While we’re on the subject, I suppose I could touch on the possibility of encountering an alien beast, much like in the beloved film Alien. This is sensible, as an animal that evolved on some other planet would potentially predate humans given the chance, under the condition that it was chemically similar enough to digest human tissue. Sensible, then, but how likely? The simple answer is that we don’t really know, but my personal guess is that the odds are infinitesimal.
I want to start with a disclaimer that Sporkless Entertainment is committed to a policy of neutrality when it comes to personal beliefs. The views expressed herein are my own and do not necessarily reflect those of Sporkless Entertainment…blah, blah , blah. Just stay respectful and be nice to everyone, okay? I don’t want to upset anyone, but some people can get a little heated when it comes to evolution and aliens, and too often things dissolve into a mess of insults and defamatory remarks. Let’s try to get along, and keep disagreements polite. I believe in you guys.
Okay, so what’s the mainstream opinion? While there is nothing like a consensus, popular opinions often revolve around the Drake Equation, or similar calculations. Many scientists estimate that the likelihood of life developing in some form is rather high, with multicellular life being a real possibility, and maybe there could even be some aliens that resemble us. Criticism often centers around the variables of such calculations, rendering the likelihood of abiogenesis as less likely to occur, or arguing that we can’t accurately predict its likelihood. Another tack is to argue with the timeframe, and posit that such may develop significantly far into the future, but probably isn’t around yet.

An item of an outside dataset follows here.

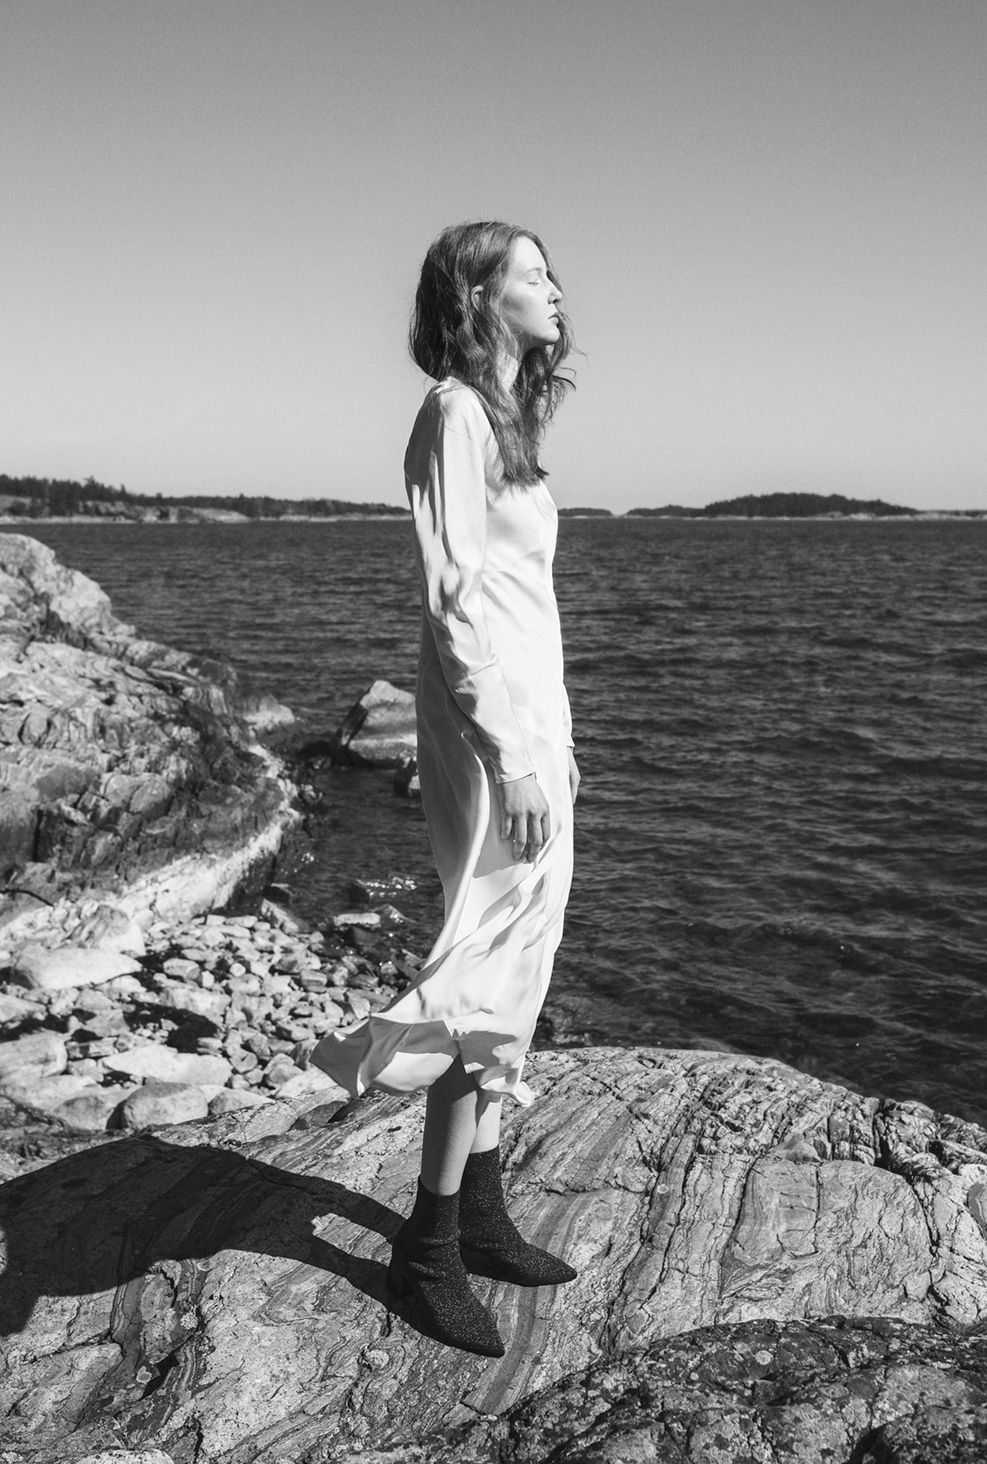 PATRICK-LOUIS VUITTON - Sanna Dahlén - Modefotograf & Reklamfotograf i  Stockholm / Fashion & Commerical Photographer in Stockholm

I would take something of a different tack, and argue that life is unlikely to occur randomly at all. Barring panspermia, this would leave little reason to suppose alien creatures exist, or would naturally develop in the foreseeable future. A minority of scientists argue, convincingly in my opinion, that the Neo-Darwinian conception of abiogenesis is untenable. Some take the approach that the theory of evolution is incorrect entirely, but I find that to be unlikely. While macroevolution has not been proven beyond a reasonable doubt, it is, in my opinion, part of an incredibly strong theory with much supporting evidence. Instead, I tend to lend credence to platonic theories of evolution, and a natural history which does not depend upon random chance. Obviously, the idea that the universe is intelligently designed is a controversial concept, and many take to that line of theory based on some prior religious stance, but I myself simply find those scientific arguments most convincing.

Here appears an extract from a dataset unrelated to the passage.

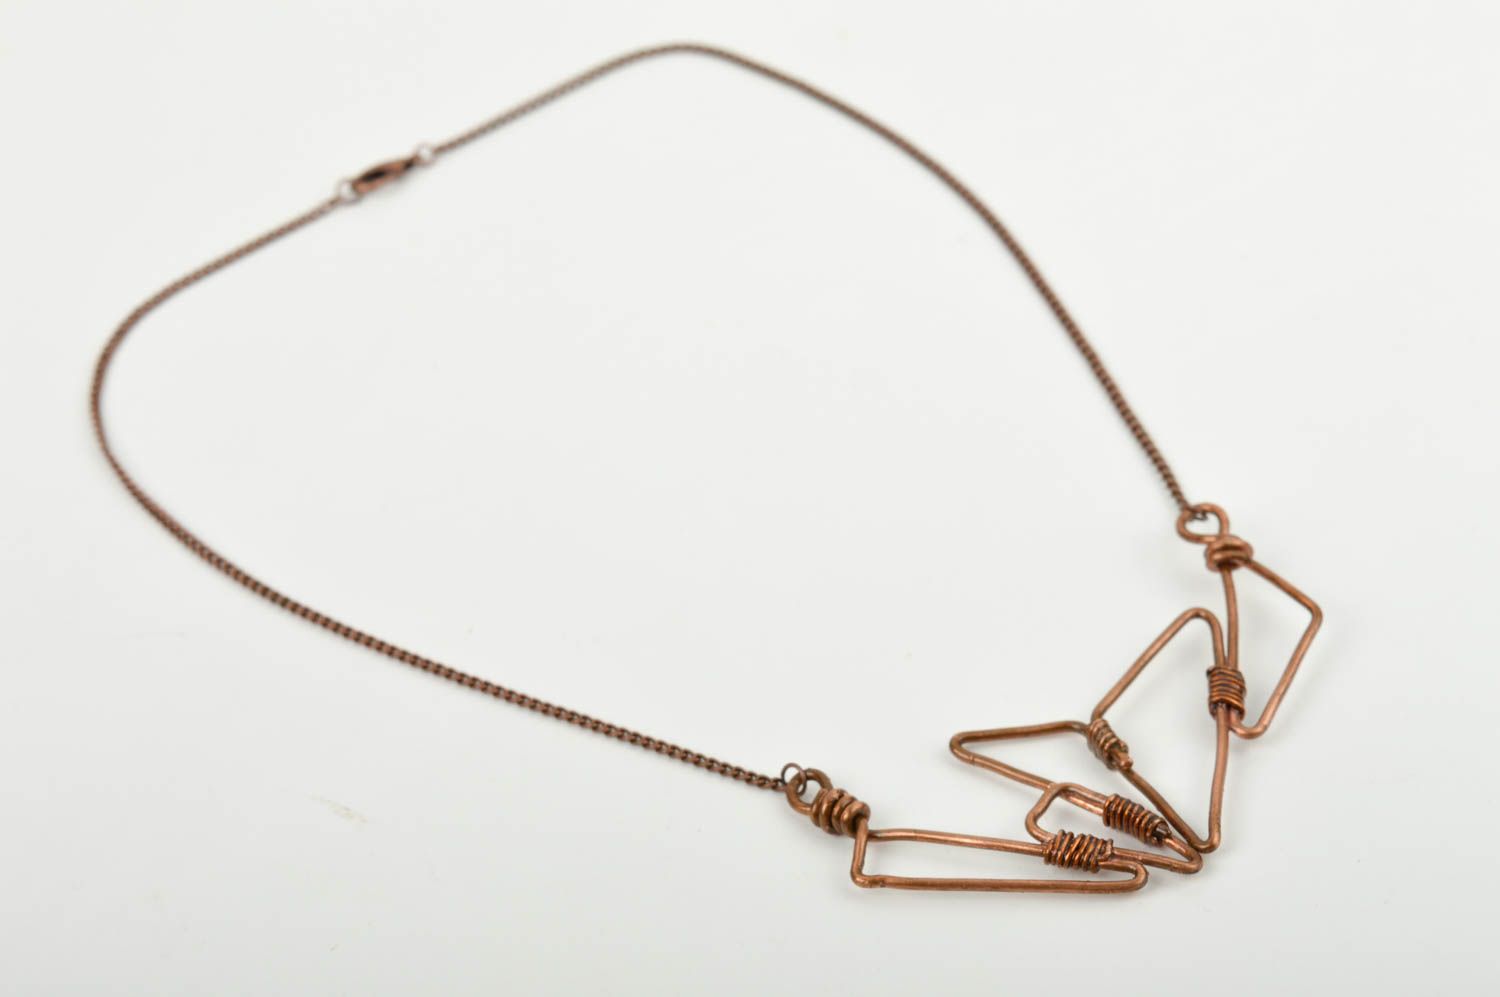 Unusual handmade metal pendant fashion accessories metal craft small gifts photo 5

So, in my humble opinion, I would estimate the chances of encountering alien life to be infinitesimal, even if we did manage to work out space travel. And, for technological and practical concerns, I don’t think that’s likely to happen very soon, if ever. Unlike most people, I think that’s a good thing. I feel quite at home on this planet, and I reckon leaving it to be nothing short of hubris. Perhaps it’s just my cynical nature and paranoia, but I don’t think space travel is likely to end well.

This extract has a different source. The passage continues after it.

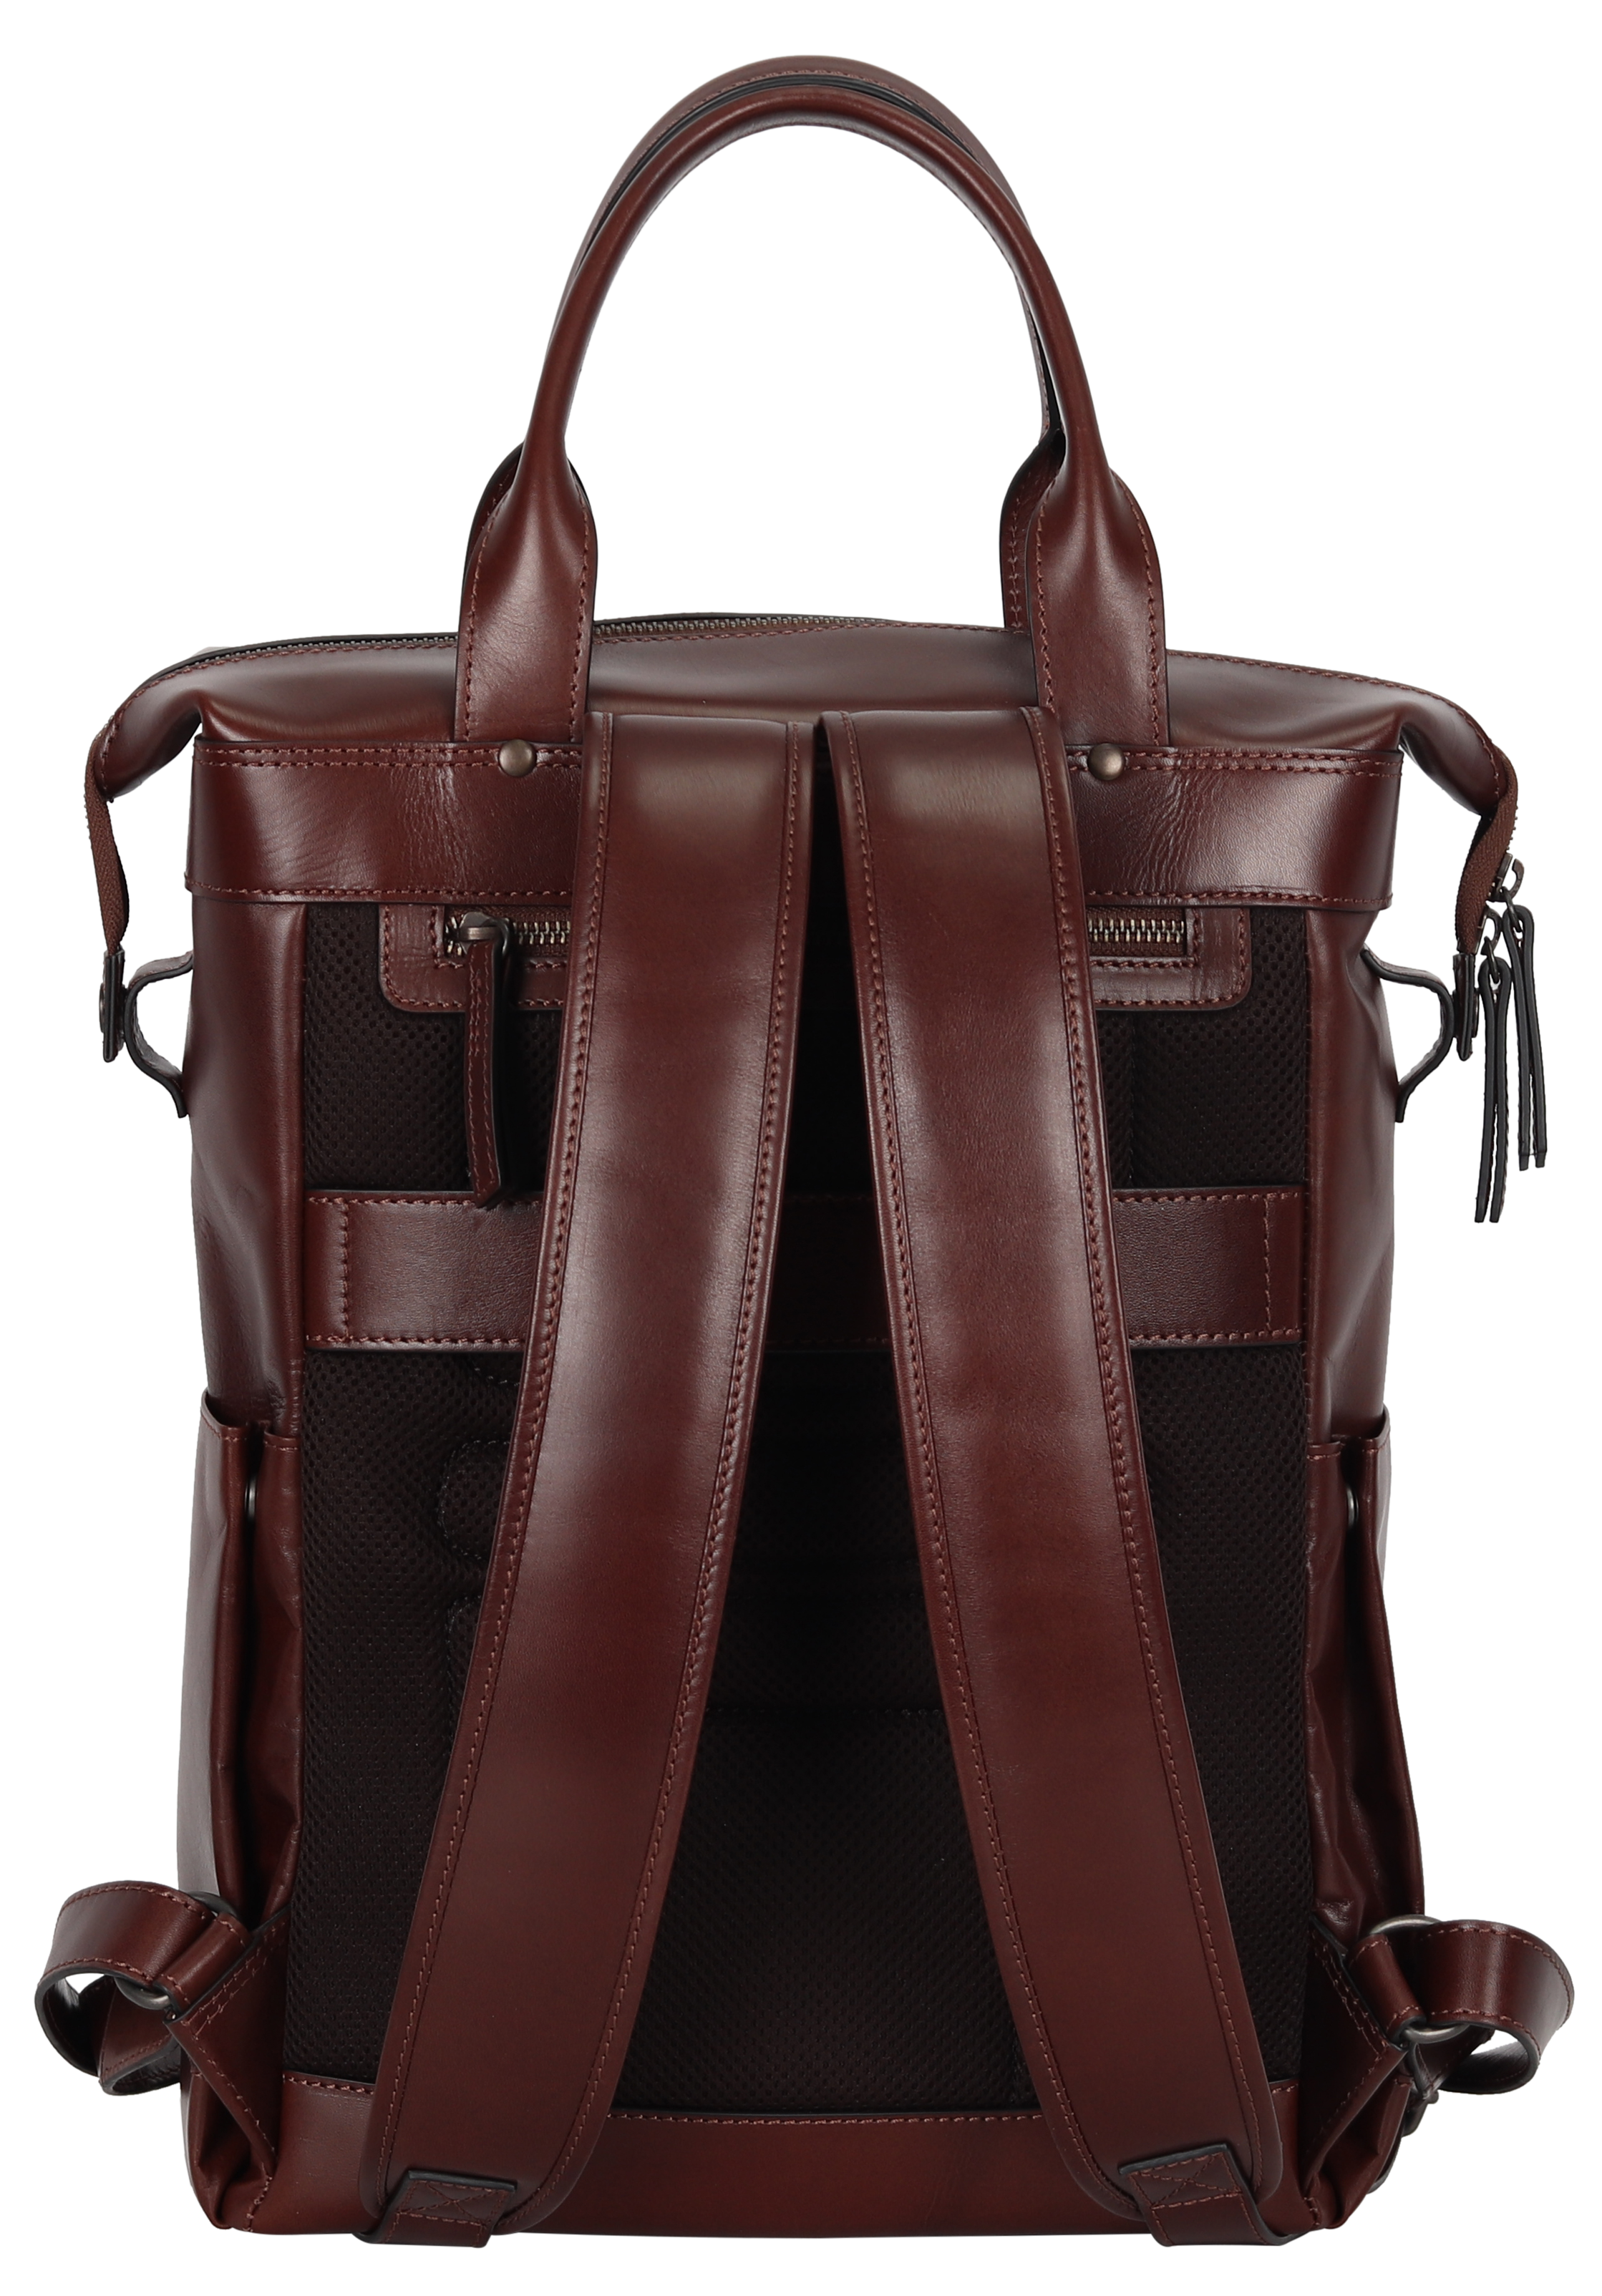 BOL Waxy Leather 2 Handle Backpack

So, for as cool as it would be to encounter xenomorphs in real life, it probably isn’t going to happen, and I feel safer for it. It’s not the alien beasts that I'm afraid of, so much as space travel itself. It’s dangerous, difficult, and likely to disrupt how our very lives and societies function, and I’m not too keen on that. And, as before, if intelligent aliens do exist, we’d best hope they mean us well, because there’s nothing we can do to stop them. It doesn’t matter if you make it back to the helicopter; they can destroy the whole planet anyway.